Hab und Gier (German Edition)
»Sie werden noch von mir hören!«
Ebenso leise konterte ich: »Sie dürfen sich gern ein wertvolles Erinnerungsstück aussuchen, wie wäre es mit dem Biedermeier-Sekretär?«
Zu meinem Entsetzen spuckte die Qualle vor mir aus, machte auf dem Absatz kehrt und verließ den Trauerzug. Alle blickten hinter ihr her, wie sie die lange Allee hinunterstakste. Es setzte ein allgemeines Getuschel ein, das nicht abreißen wollte, bis wir am Ziel ankamen, wo die Erde direkt neben Bernadettes letzter Ruhestätte bereits ausgehoben war. Wer noch nie hier gewesen war, las ungläubig und mit Befremden: Bleib, wo du bist! auf ihrem Grabstein. Wieder folgte ein andächtiges, kurzes Schweigen, dann wurde der Sarg versenkt und mit Erde bedeckt. Erleichterung machte sich in mir breit. Niemand hatte mehr den Deckel aufgemacht und noch in letzter Minute Wolframs Rollkragen heruntergestreift. Eine nach der anderen legten wir eine Blume auf den kleinen Hügel und wanderten schließlich langsam in Richtung Parkplatz. Dort trennte ich mich von Judith und ihren Begleiterinnen, die zurück in die Bibliothek mussten.
»Mein Bus kommt erst in einer halben Stunde. Darf ich mit Ihnen heimfahren? Steht später noch eine Trauerfeier mit Kaffee und Kuchen auf dem Programm?«, fragte mich Frau Altmann.
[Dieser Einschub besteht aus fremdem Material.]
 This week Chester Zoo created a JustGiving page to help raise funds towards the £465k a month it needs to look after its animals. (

»Steigen Sie ein«, sagte ich. »Warum haben Sie sich nicht vorher gemeldet, ich hätte Sie doch schon auf der Hinfahrt mitnehmen können. Nein, es gibt auf Wunsch des Verstorbenen kein Brimborium, wie er sich ausdrückte, aber wenn Sie Lust haben, können Sie gern einen Kaffee mit mir trinken.«
Was hätte ich anderes sagen sollen, auch wenn mir etwas mulmig zumute war. Ich konnte ihr schlecht eine Abfuhr erteilen. Nun hoffte ich nur, dass sie sich in meiner Festung nicht als Trojanisches Pferd erwies.
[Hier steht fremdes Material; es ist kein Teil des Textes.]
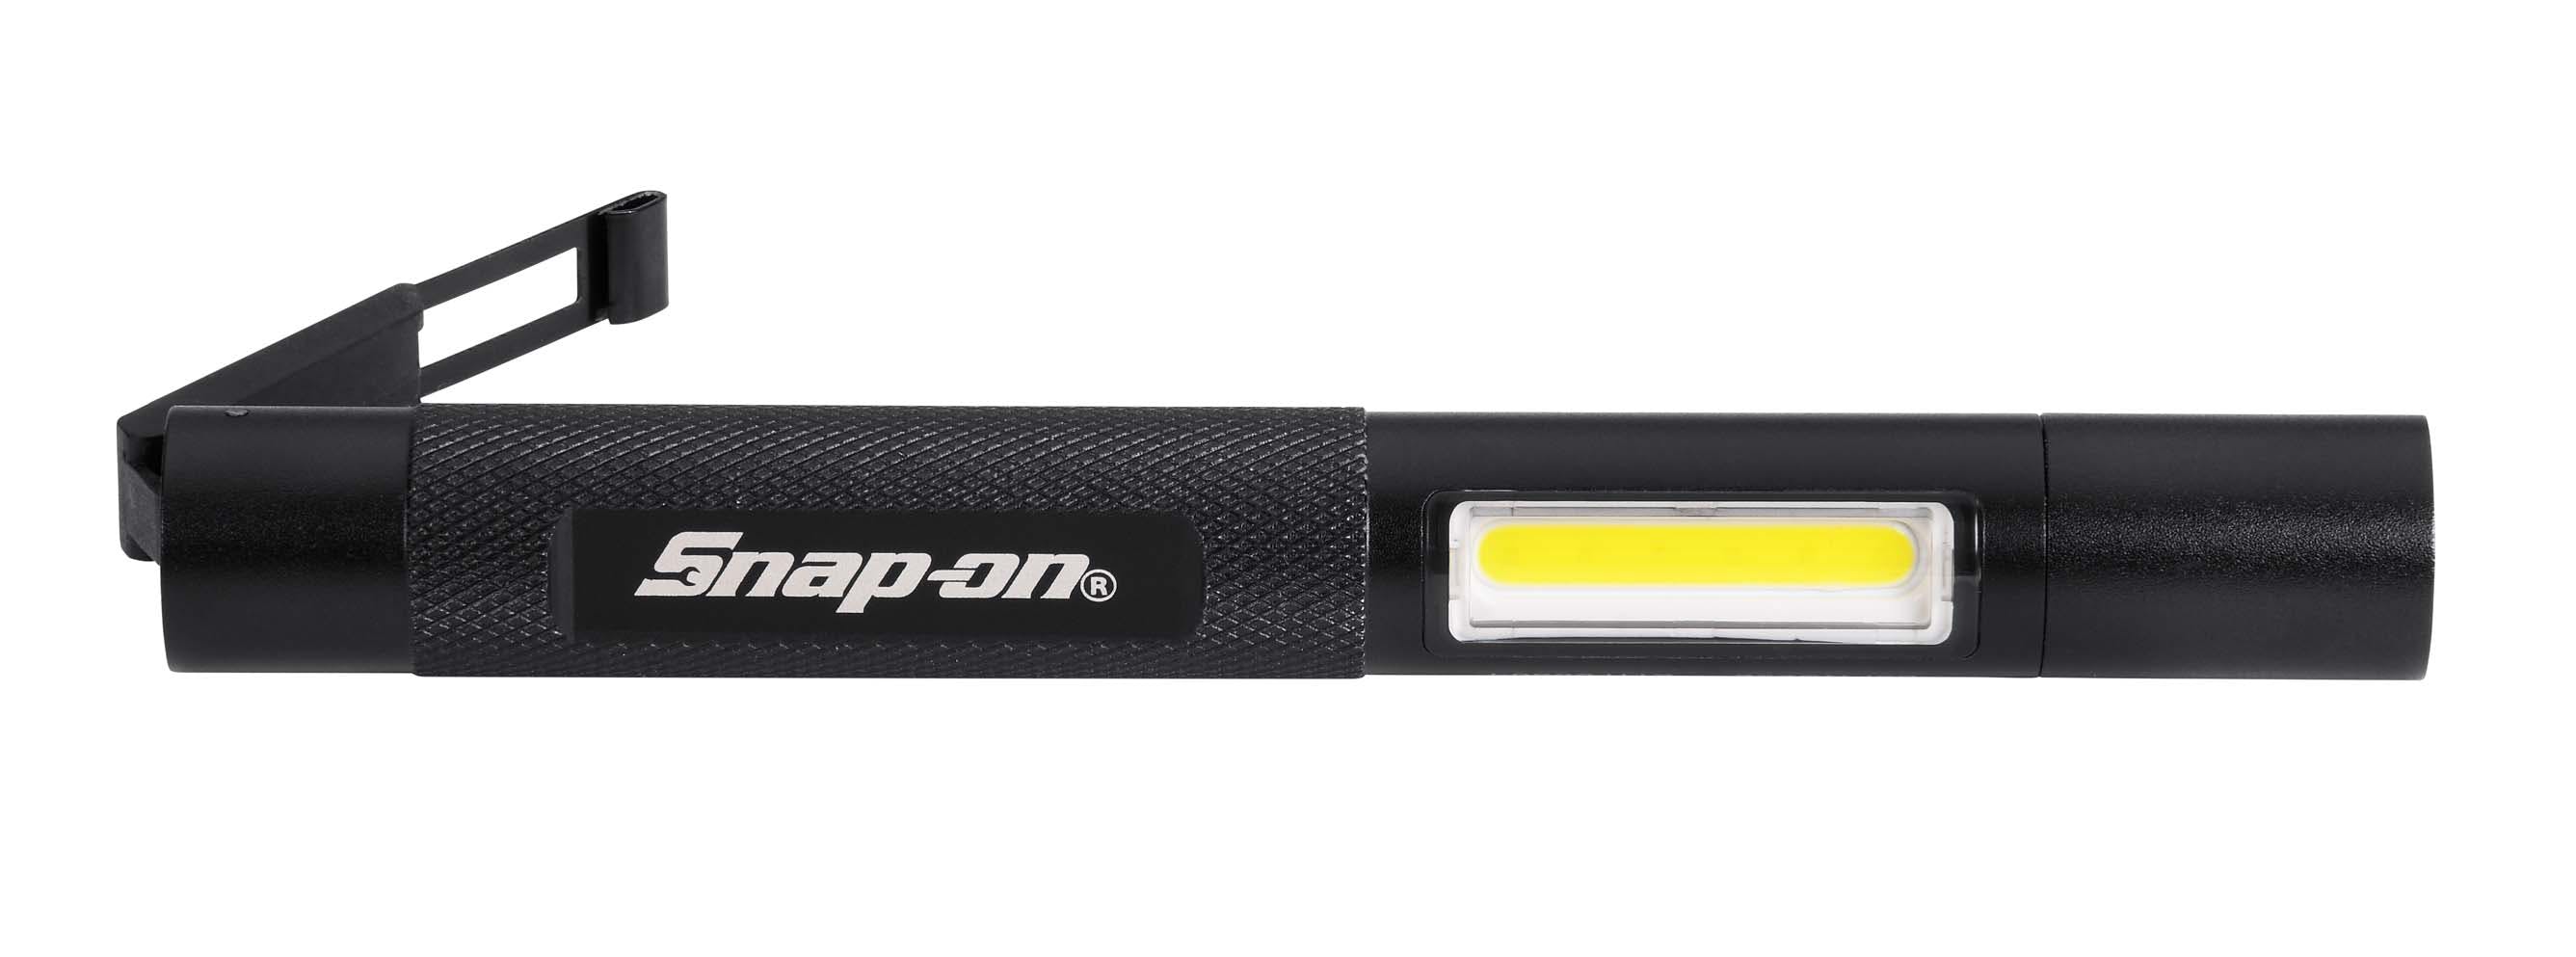 New Snap On 300Lm Rechargeable penlight pocket light 4 colors W/Clip+Magnet

»Ich bin immer noch etwas durcheinander«, meinte Frau Altmann. »So eine Musik habe ich noch nie bei einer Beerdigung gehört, aber bei Heinrich Böll soll ja eine ganze Kapelle von Zigeunern aufgespielt haben.«
»Sinti oder Roma«, verbesserte ich.
Frau Altmann wollte sich durchaus nicht auf der Terrasse niederlassen. Mein Haus samt Inventar war ihr anscheinend bestens vertraut.
»Wie oft haben Bernadette und ich hier geplaudert«, behauptete sie. »Und wie schön, dass ich endlich einmal wieder in diesem gemütlichen Wohnzimmer sitzen darf. Um ehrlich zu sein, nach dem traurigen Anlass freue ich mich so richtig auf eine schöne Tasse starken Kaffee.«
Eilig lief ich in die Küche, ließ aber die Türen offen. Auf diese Weise konnte ich mit anhören und -sehen, dass Frau Altmann keineswegs auf ihrem Platz blieb, sondern herumschlich und in den Bücherschrank, auf den Sekretär und in alle Ecken schaute. Gut, dass ich so ausgiebig geputzt hatte.
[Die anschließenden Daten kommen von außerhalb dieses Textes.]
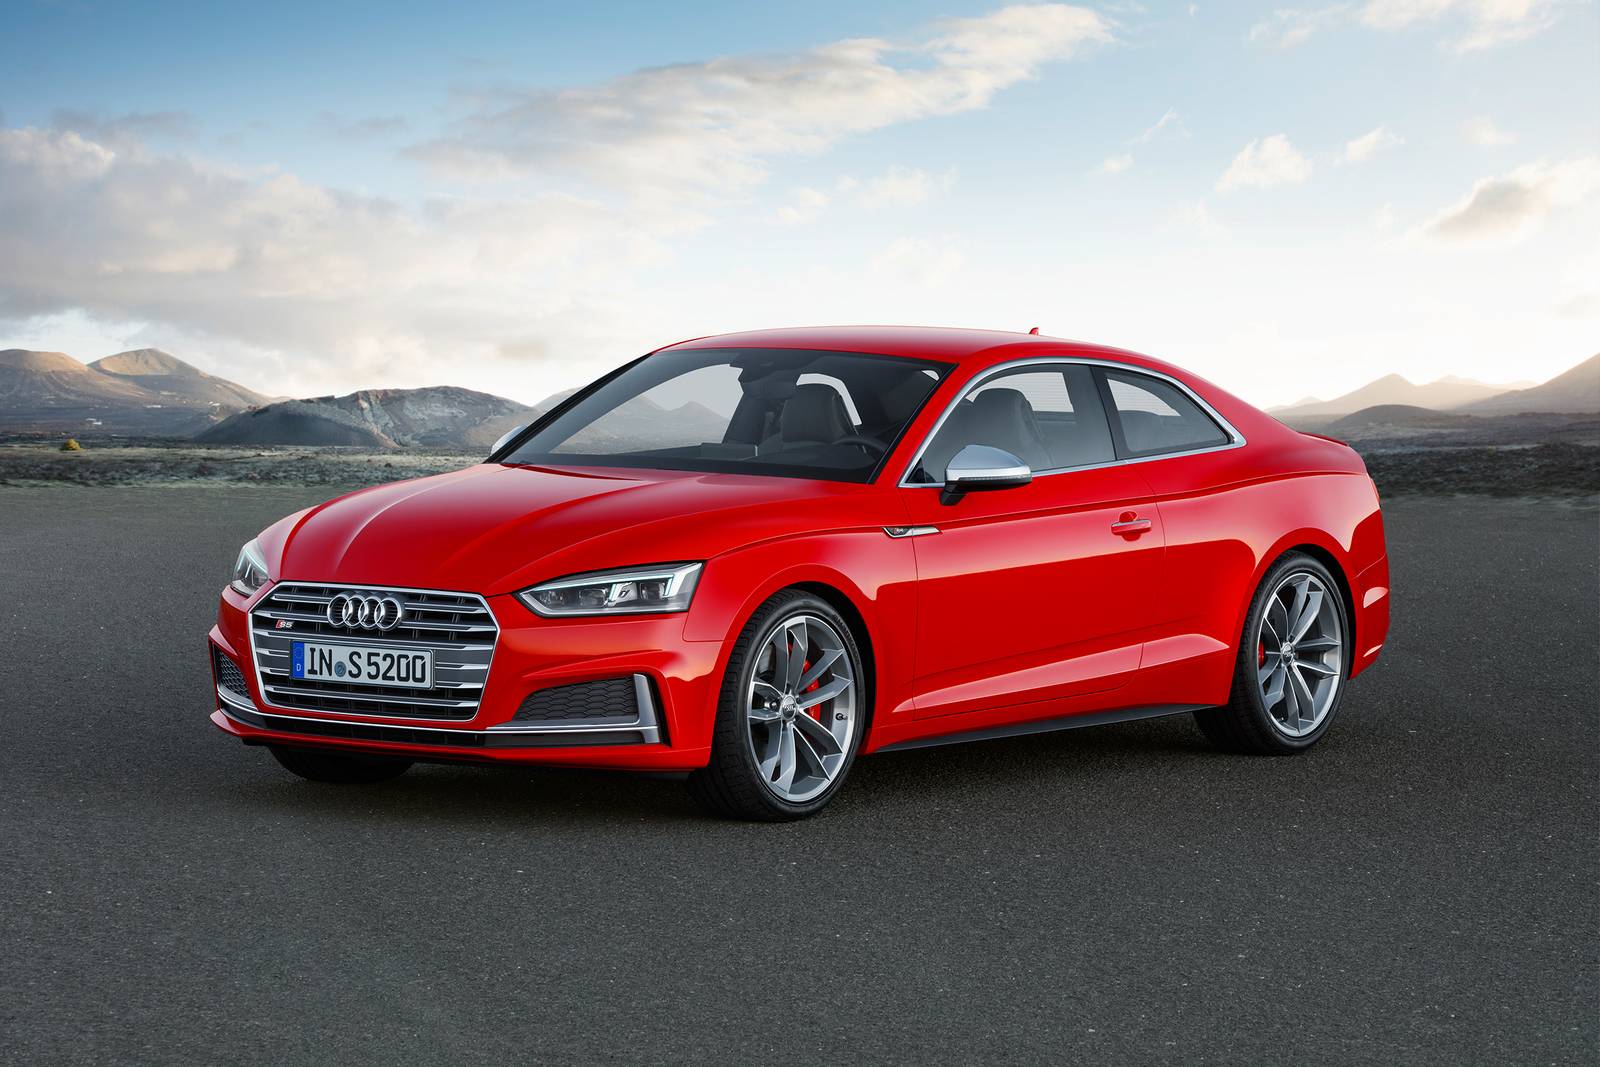 Used 2019 Audi S5 Coupe Review | Edmunds

Als wir uns schließlich mit erhobenen Tassen zutranken, einen Keks knabberten sowie des Langen und Breiten über die vielen geparkten Autos in der Biberstraße geklagt hatten, begann Frau Altmann mich vorsichtig auszufragen.
»Sabrina Rössling hat mir unter Tränen anvertraut, dass sie bei der Erbschaft völlig übergangen wurde, stimmt das wirklich?«
»Nun…«, begann ich gedehnt und überlegte blitzschnell, wie ich glaubwürdig reagieren sollte. »Das tut mir natürlich leid, aber ich war sicherlich ebenso überrascht wie Frau Rössling selbst. Allerdings hatte Herr Kempner mehr als einmal erwähnt, dass er mit der Nichte seiner Frau kein gutes Verhältnis hatte, weil Sabrina immer wieder ihre gutmütige Tante um Geld gebeten habe, das in unsinnige Projekte geflossen sei. Insofern war es nur konsequent, dass seine Dankbarkeit nicht ihr, sondern mir galt.«
»Haben Sie etwa das ganze Vermögen geerbt?«, fragte sie mit heißen Ohren.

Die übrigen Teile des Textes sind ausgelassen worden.